When interpreting cost-effectiveness results, and deciding whether or not an investment represents value for money, decision makers sometimes make reference to a cost-effectiveness thresholds or the maximum amount they are willing to pay for effects on outcome.  In the United Kingdom this process is formalised with an established threshold of around £20,000-30,000 per QALY.  In 2008, the UK's National Institute for Health and Care Excellence (NICE) established NICE International to offer advice to countries and build capacity for assessing and interpreting evidence of effectiveness and cost-effectiveness to inform health policy.  Eleanor Grieve, a Research Associate at the University of Glasgow talked about the iDSI (international decision support initiative), launched in 2013 by NICE International which provides support to low and middle income countries (LMIC) to make better informed decisions and help prioritise fund allocation.  Presently countries with no established national threshold tend to consider interventions to be highly cost-effective if their cost falls below annual GDP per capita following recommendations from WHO-CHOICE.  Eleanor is also tasked with developing a methodological approach for measuring the impact of Health Technology Assessment policy interventions in LMIC.  This will be informed by the use of case studies, including assessing the cost-effectiveness of scaling up a voucher scheme for maternal and child health among poor women in Myanmar utilising existing economic models developed in the region – a novel application of these methods. 

Way forward?

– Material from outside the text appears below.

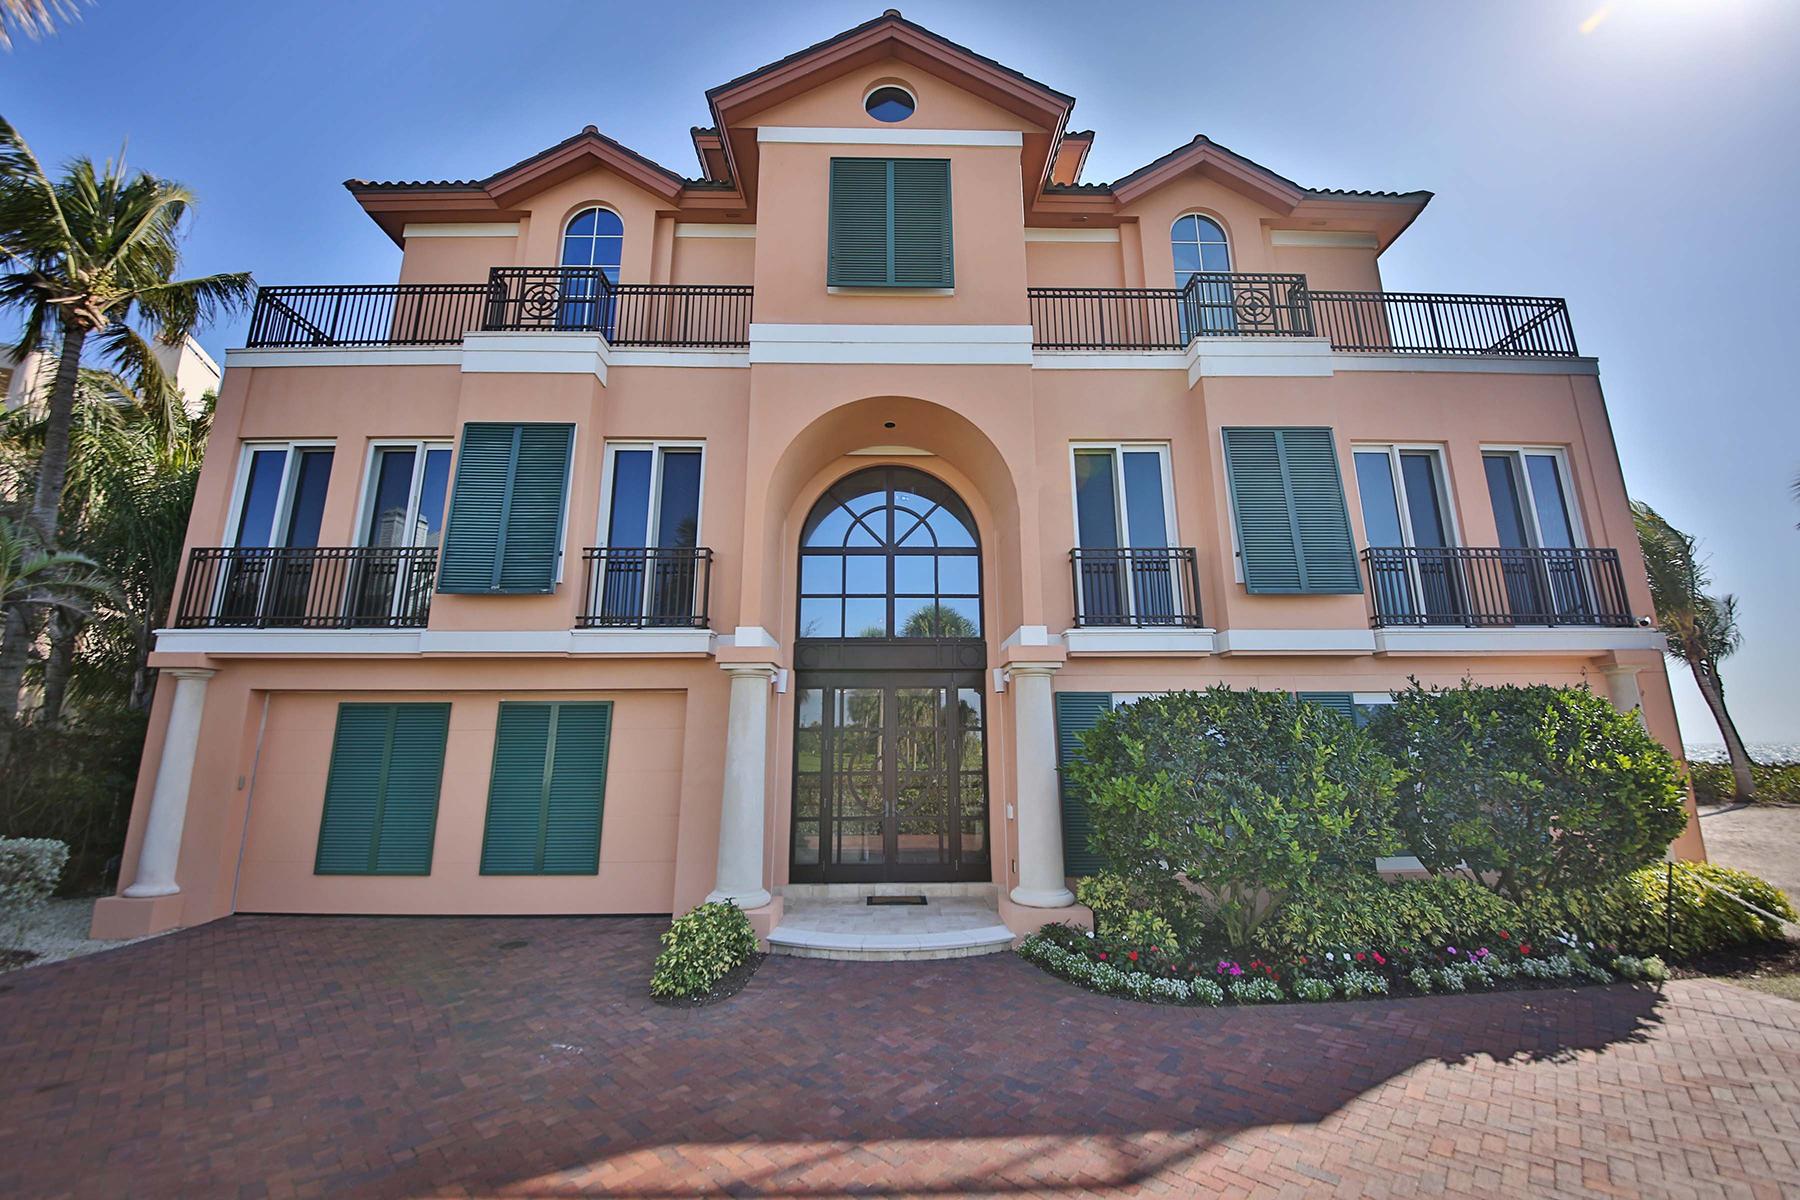 Single Family Home for Rent at BAREFOOT BEACH 114 Anguilla Ln, Bonita Springs, Florida 34134 United States

Methods Innovation
While the session highlighted a number of challenges that economists face when doing economic evaluation of complex interventions, the last presentation shed light on a potential way forward in terms of methods innovation.  Armando Vargas-Palacios, a Research Fellow at the University of Leeds, illustrated novel methods, which have their origin in operational research, to modelling outcomes overcoming some of the known limitations of decision tree models and Markov models.  The approaches can reflect and model the dynamic nature of health care system – enabling the assessment of costs and outcomes at different levels of the system.   The approach can also serve to predict resource requirements for programme implementation, as well as model likely outcomes ex-ante.  Armando introduced us to three methods: discrete event simulation; agent-based modelling (both individual level models) and system dynamics which, in contrast, works at the aggregate level therefore demanding the population to have similar characteristics.  The approach can be implemented using software that has a free version and a low cost license (Berkley Madonna; Simul8).

In conclusion
It is clear that to overcome the challenges faced by economists evaluating complex interventions, their perspective is needed at all stages of the evaluation process from design through to analysis.  Economic evaluation needs to be designed prospectively and built into evaluation studies from the outset.  Robust (economic) evaluation of complex interventions requires methodological innovation, and this can more successfully happen when researchers across disciplines come together to drive the subject forward.